Proud of you for trying to get that stuff fixed despite the literal headaches it causes, hopefully it proves effective and helps a little with getting your meds corrected. Two months to wait for what's becoming a routine phsyio appointment is absurd.
Thanks. I just got back from my appointment. The doctor said he will correct the dosages, he deleted the items I no longer require, and he put it on a 6 month thing (can't remember the name) where every two months for the next 6 months I can get the pharmacy to redo my prescriptions without needing to get a script from the doctor, so at least it cuts out the middleman temporarily.
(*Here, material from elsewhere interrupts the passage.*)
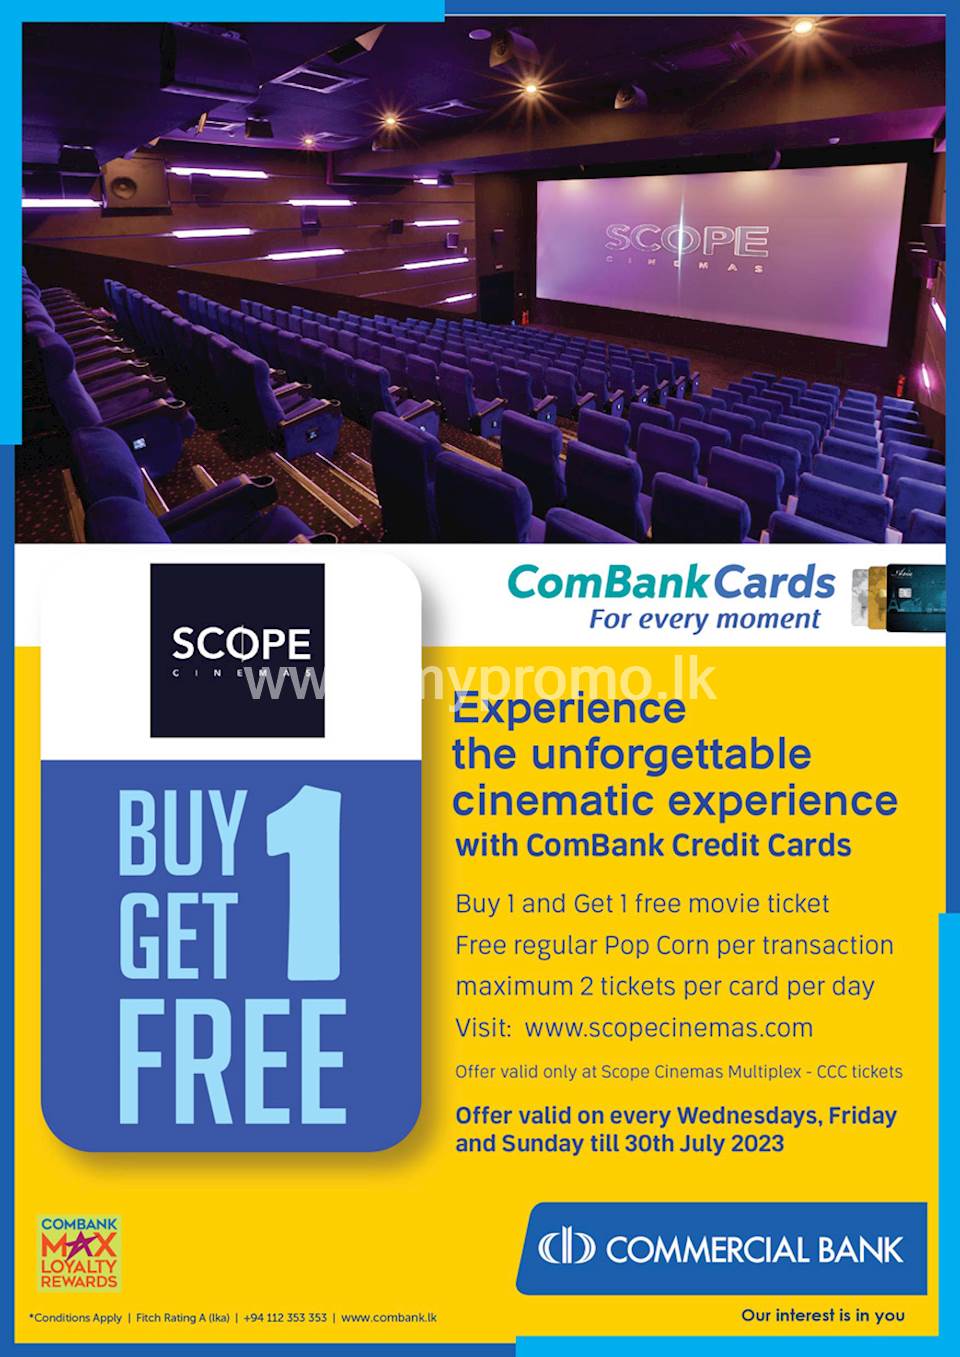  Buy 1 and Get 1 Free Movie Ticket for ComBank Credit Cards at Scope Cinemas

I guess I'll have to see how easy the pharmacy makes it, they're not too good in there.
Waiting times are ridiculous. Normally if you have a new injury it's about a 4 month wait to be seen. But being on the regular list and being able to come back any time, I should be seen within about a week usually. But the NHS is just falling apart, everything takes so long and is so difficult. I'll try and see if I can go back to the podiatrist, it might be quicker and they deal with tendon issues too.